▶ **Your assignment**:
With the pictures left out, write out exactly the lines of the listing below that run from the line with "1989 American eagle dollar" through the line with "Coreldraw vector graphics".
··· Dataset content
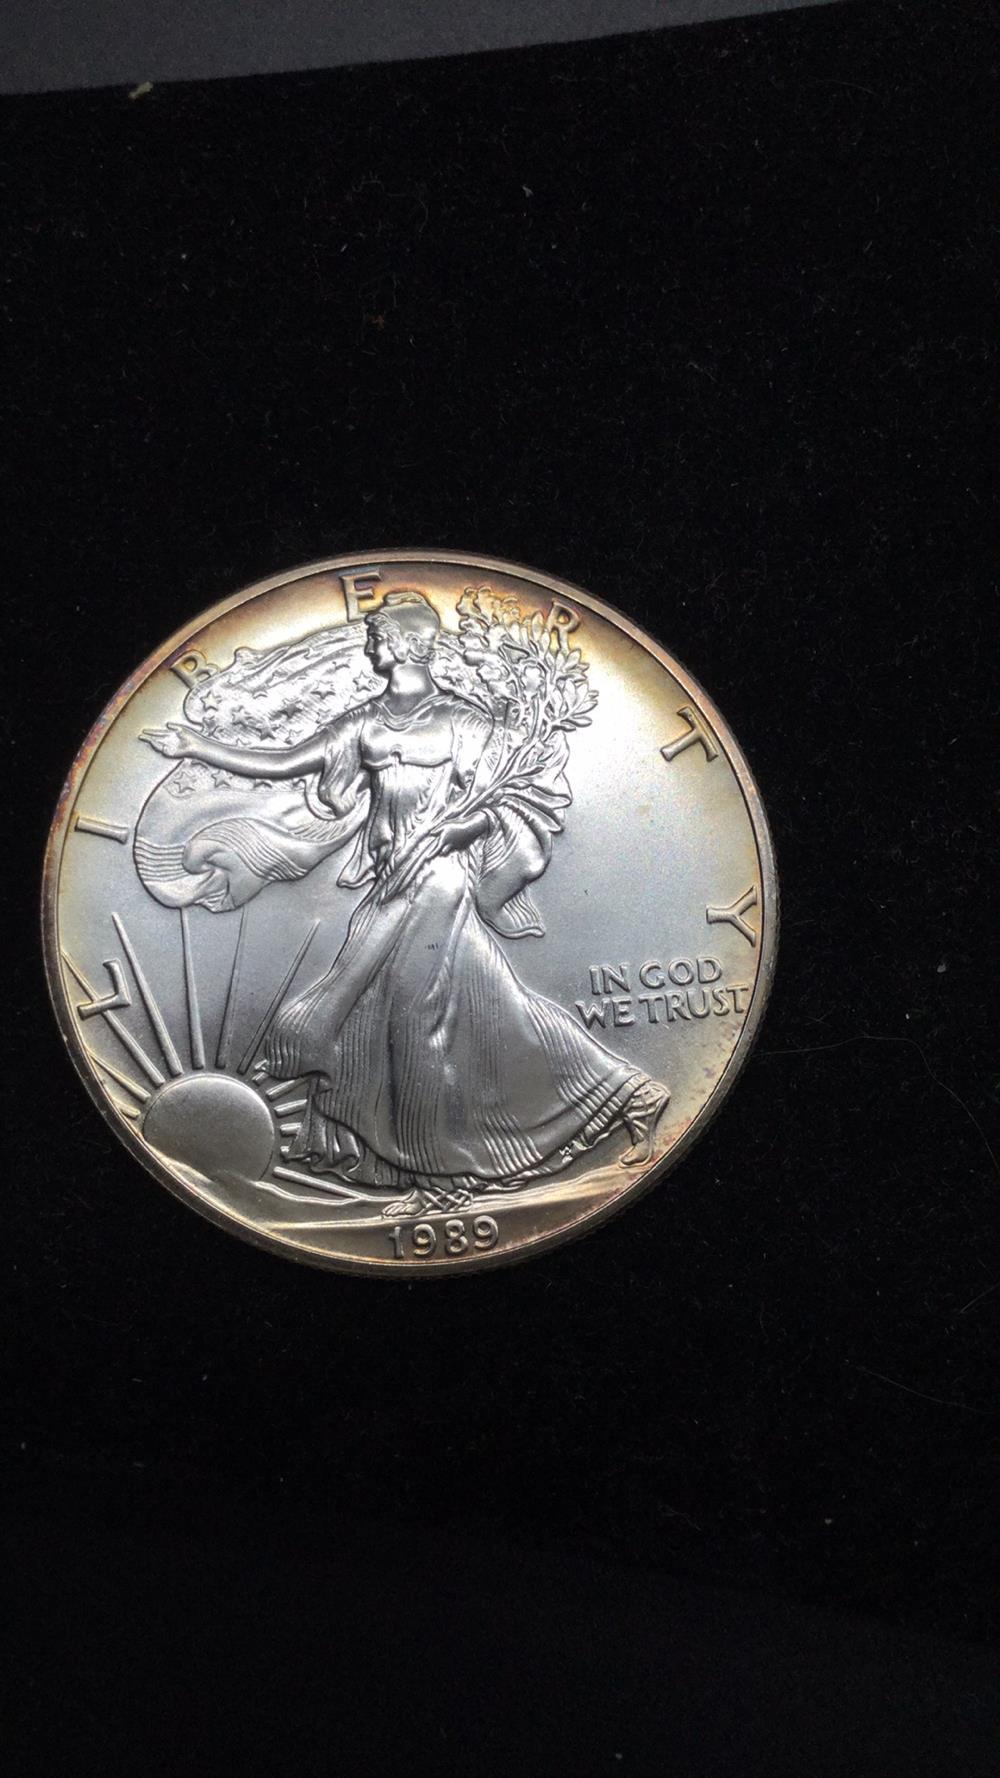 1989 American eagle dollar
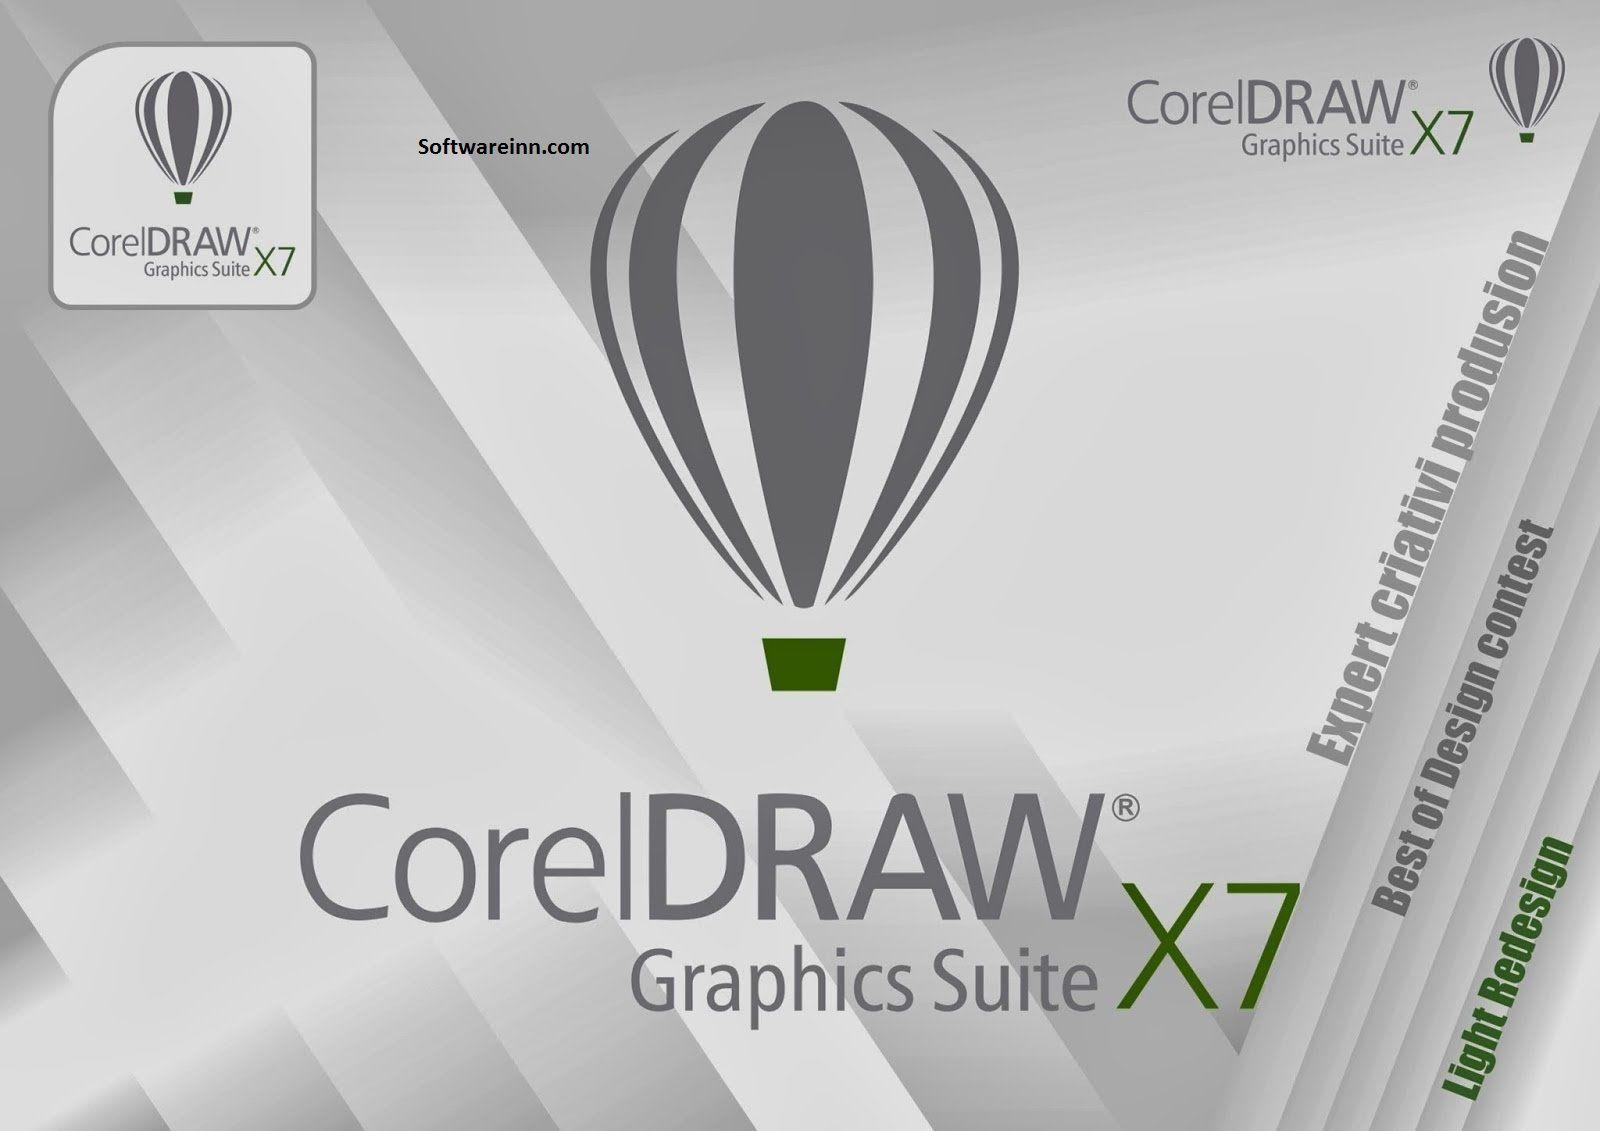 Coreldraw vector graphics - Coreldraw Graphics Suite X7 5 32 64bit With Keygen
······
··· Dataset content
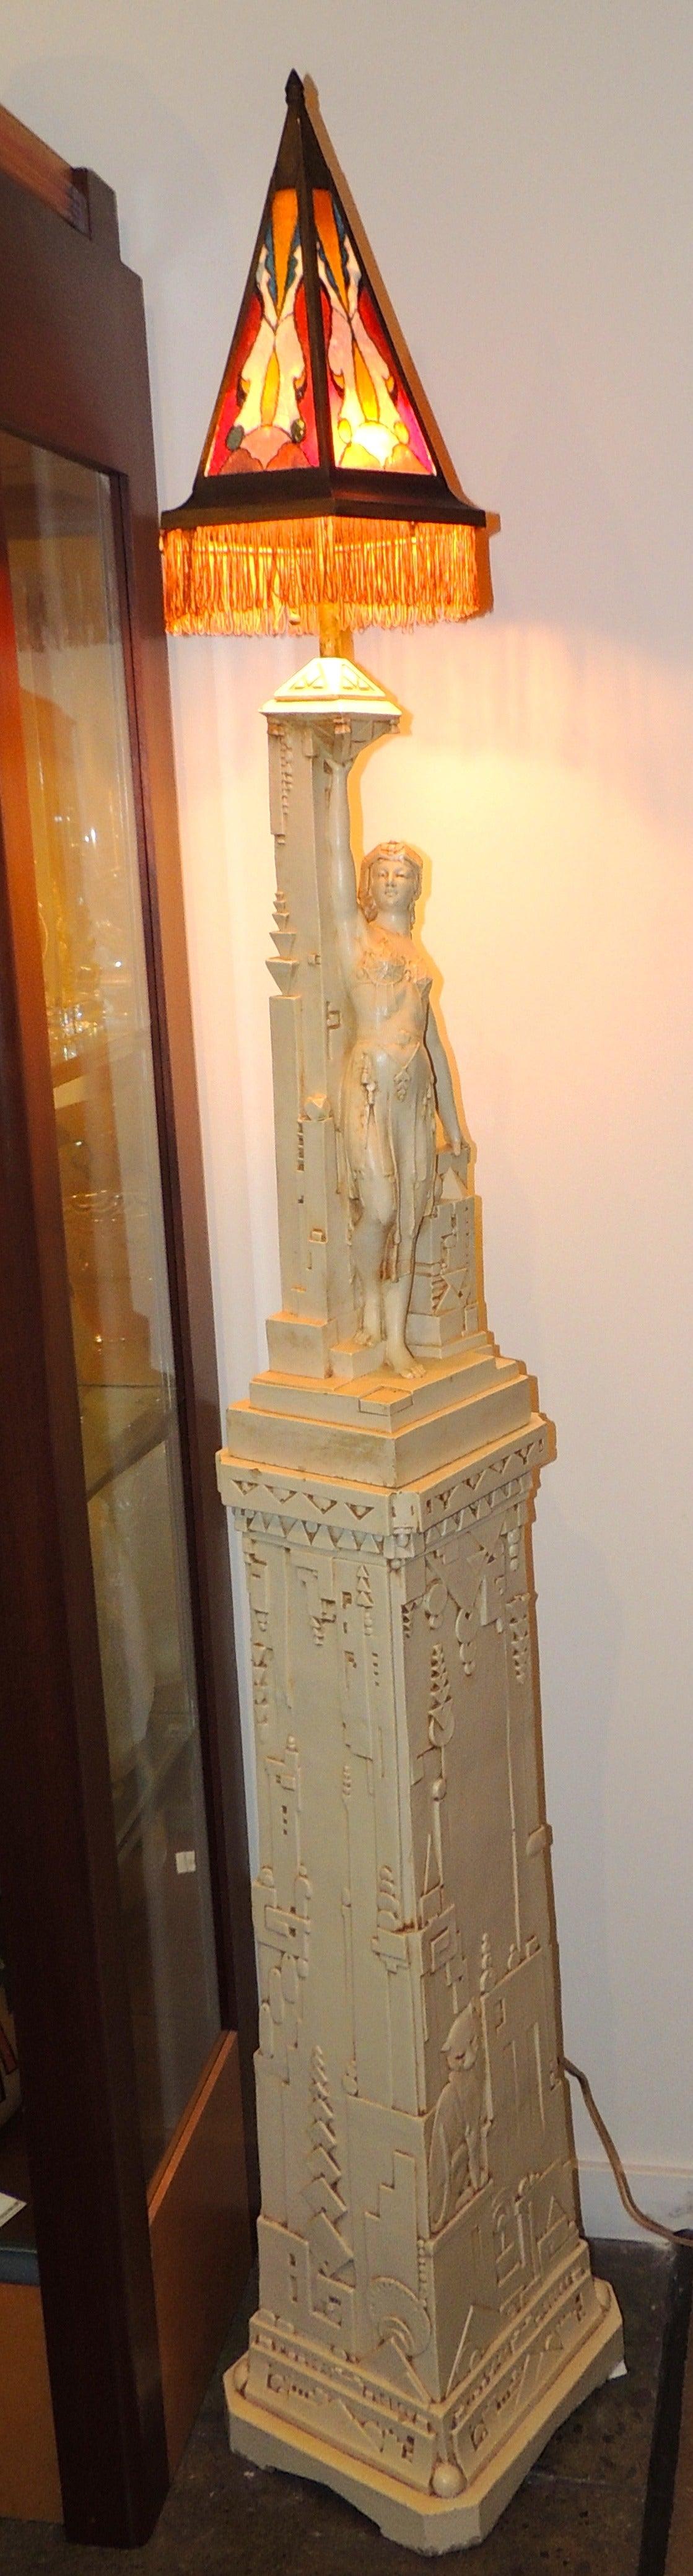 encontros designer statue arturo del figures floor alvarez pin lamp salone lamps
······
▶ **Finished task**:
 1989 American eagle dollar
 Coreldraw vector graphics - Coreldraw Graphics Suite X7 5 32 64bit With Keygen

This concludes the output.